Variables in Model | $SSE_p$ | $p$ | Error d.f. | $MSE_p$ | $R^2_{adj,p}$ | $C_p$ | $AIC_p$
------------------ | ------- | ---- | ---------- | ------- | ------------- | ----- | -------
None | 950 | 0 | 19 | 50 | 0 | 1 | 79.21
$x_1$ | 720 | 1 | 18 | 40 | 0.2 | 2 | 75.67
$x_2$ | 630 | 1 | 18 | 35 | 0.3 | 2 | 73.00
$x_3$ | 540 | 1 | 18 | 30 | 0.4 | 2 | 69.92
$x_1$,$x_2$ |595 | 2 | 17 | 35 | 0.3 | 3 | 73.86
$x_1$,$x_3$ |425 | 2 | 17 | 25 | 0.5 | 3 | 67.13
$x_2$,$x_3$ |510 | 2 | 17 | 30 | 0.4 | 3 | 70.77
$x_1$,$x_2$,$x_3$ |400 | 3 | 16 | 25 | 0.5 | 4 | 67.91
## b.
I would select the model with $x_1$ and $x_3$ because it has the highest adjusted R squared, lowest $C_p$ and lowest $AIC_p$.
## c.
Since x3 has the highest absolute value of correlation, it is the first to enter the model: $r_{y x_1} = 1 - SSE_0 / SSE_p$
```{r}
r_yx1 = sqrt(1 - 720/950)
r_yx2 = sqrt(1 - 630/950)
r_yx3 = sqrt(1 - 540/950)
```
The $F_{in}$ is:
```{r}
f_x3 = (r_yx3^2)*(20 - (1 + 1))/(1 - (r_yx3)^2)
```
## d.
The second variable to enter the model is X1 with a $f_{in}$ of 4.6 with a partial correlation coefficient of 0.46:
```{r}
r_yx3_x1 = sqrt(1 - 425/540)
r_yx3_x2 = sqrt(1 - 510/540)
f_x3x1 = (r_yx3_x1^2)*(20 - (2 + 1))/(1 - (r_yx3_x1)^2)
```
## e.
The first varible x3 cannot be removed because it's $f_{out}$ = 11.8 > 4.
```{r}
r_yx1_x3 = sqrt((720 -425) / 720)
f_x1x3 = (r_yx1_x3^2)*(20 - (2 + 1))/(1 - (r_yx1_x3)^2)
```
## f.
The third variable x2, cannot be entered into the model because it's $f_{out}$ = 1 $!>$ 4.
```{r}
r_yx3_x1_x2 = sqrt((425 - 400)/425)
f_x3x1x2 = (r_yx3_x1_x2^2)*(20 - (3 + 1))/(1 - (r_yx3_x1_x2)^2)
```
# 5.6
```{r}
c <- read.csv("C:/Users/Jeff/Downloads/carprices.csv")
c$Buick <- ifelse(c$Make == "Buick",1,0)
c$Cadillac <- ifelse(c$Make == "Cadillac",1,0)
c$Chevrolet <- ifelse(c$Make == "Chevrolet",1,0)
c$SAAB <- ifelse(c$Make == "SAAB",1,0)
c$Pontiac <- ifelse(c$Make == "Pontiac",1,0)
c$Saturn <- ifelse(c$Make == "Saturn",1,0)
c$Convertible <- ifelse(c$Type == "Convertible",1,0)
c$Coupe <- ifelse(c$Type == "Coupe",1,0)
c$Hatchback <- ifelse(c$Type == "Hatchback",1,0)
c$Sedan <- ifelse(c$Type == "Sedan",1,0)
c$Wagon <- ifelse(c$Type == "Wagon",1,0)
train_indices <- seq(1, nrow(c), by=2)
train <- c[train_indices, ]
test <- c[-train_indices, ]
model1 <- lm(I(log(c$Price)) ~ c$Mileage + c$Cylinder + c$Liter + c$Buick + c$Cadillac + c$Chevrolet + c$SAAB + c$Convertible + c$Coupe + c$Hatchback + c$Sedan, data = test)
summary(model1)
model2 <- lm(I(log(c$Price)) ~ c$Mileage + c$Liter + c$Cadillac + c$Chevrolet + c$Pontiac + c$SAAB + c$Saturn + c$Convertible + c$Wagon + c$Cylinder, data = test)
summary(model2)
SSE_1 <- sum(resid(model1)^2)
SSE_2 <- sum(resid(model2)^2)
SSE_1
SSE_2
```
The SSE is smaller for Model 1. All the variables are statistically significant at 5% for both models.
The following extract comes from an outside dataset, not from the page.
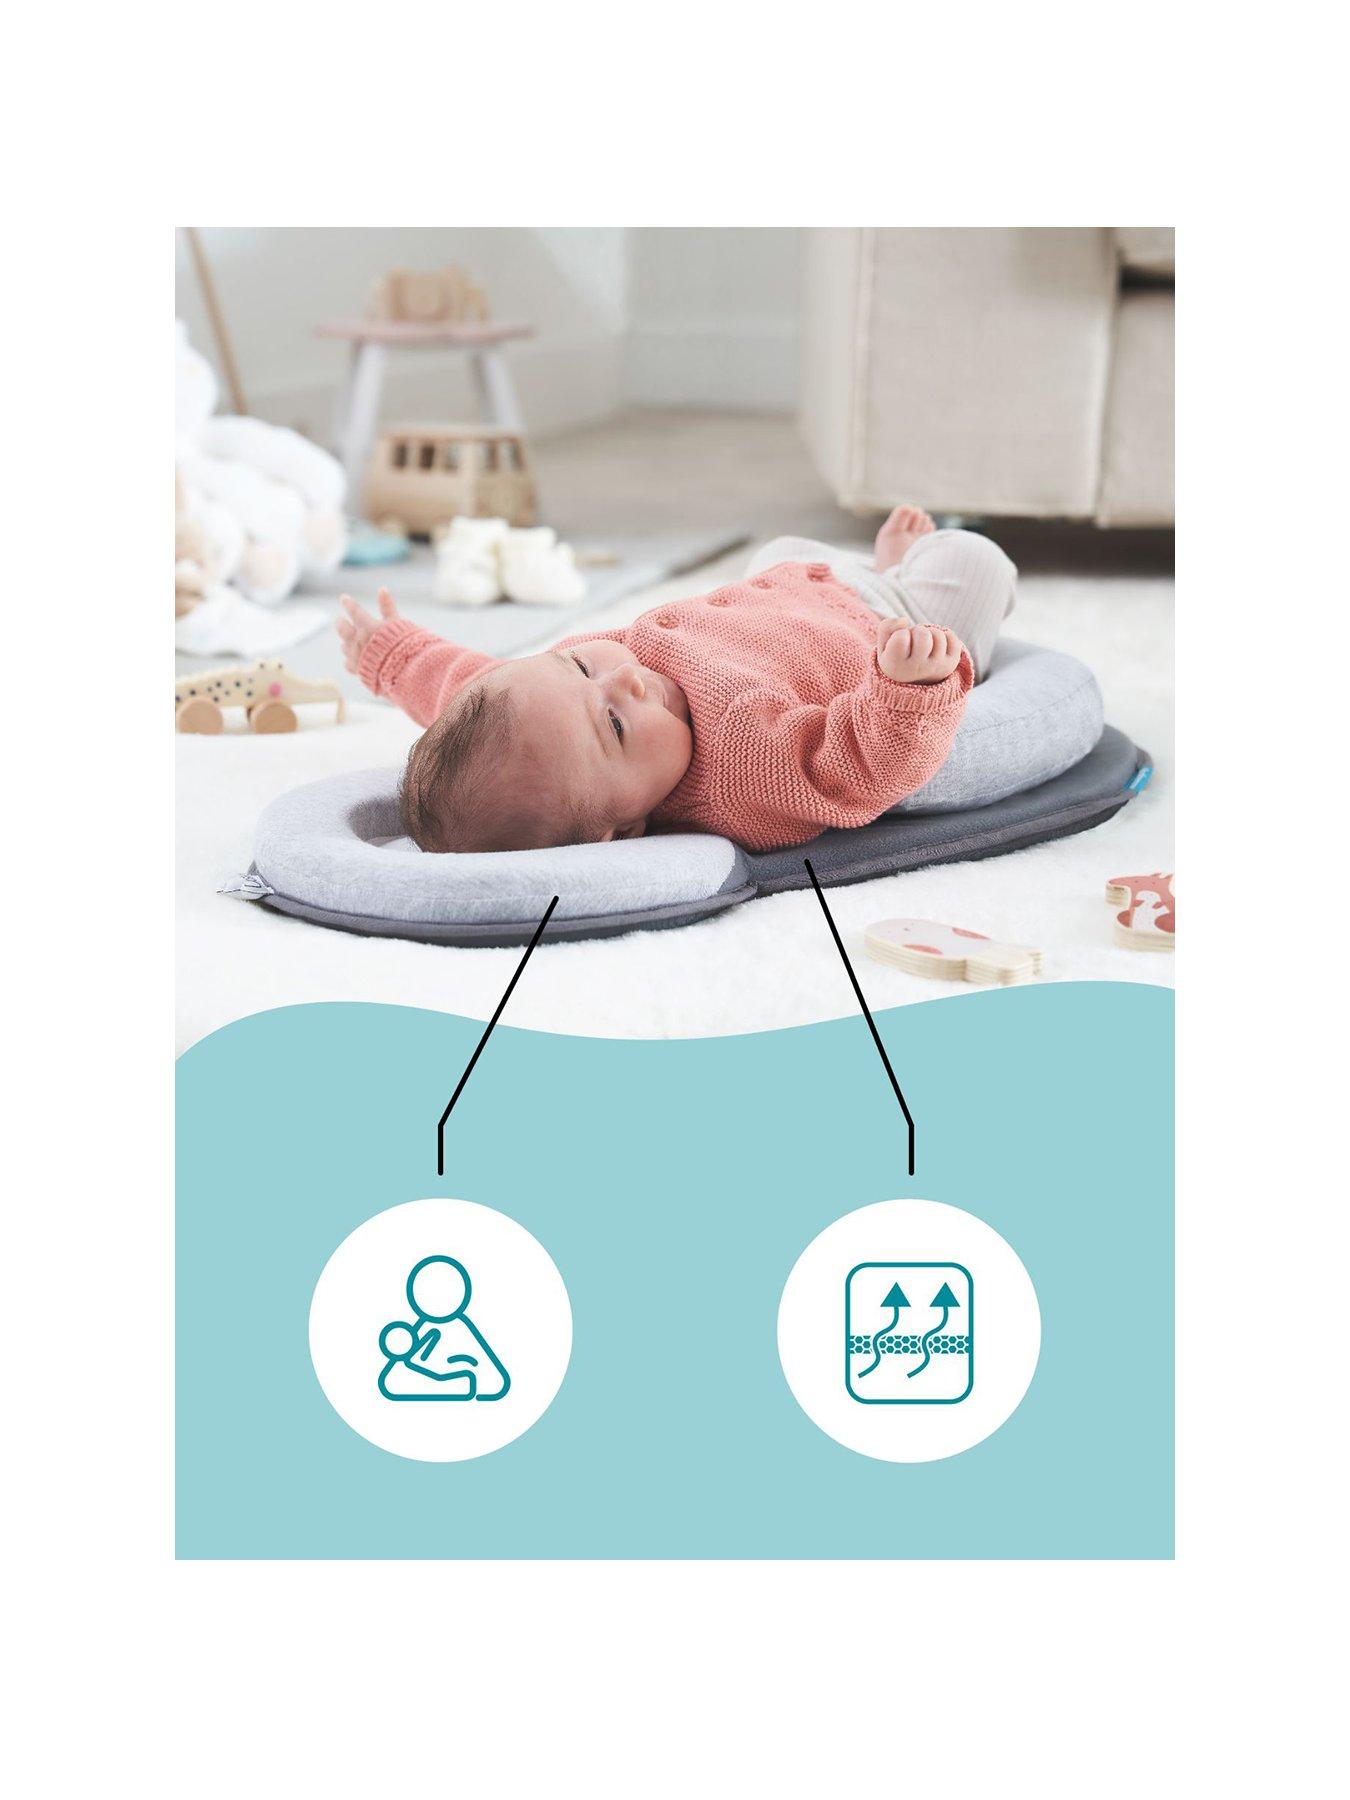 ComfyBaby Baby Nest Bed Incline Baby Lounger I Best Baby Lounger Nest

Since this is the case, both models are highly predicitive. If I had to select a model, I would probably choose Model 1 because the variables included are mostly likely to be available in the future. Model 2 includes Pontiac, SAAB, Saturn, convertible, and wagon, all of which are dead car companies and models not commonly made. Model 1 includes SAAB unfortunalety, but it also includes the now popular hatchback type of vehicle.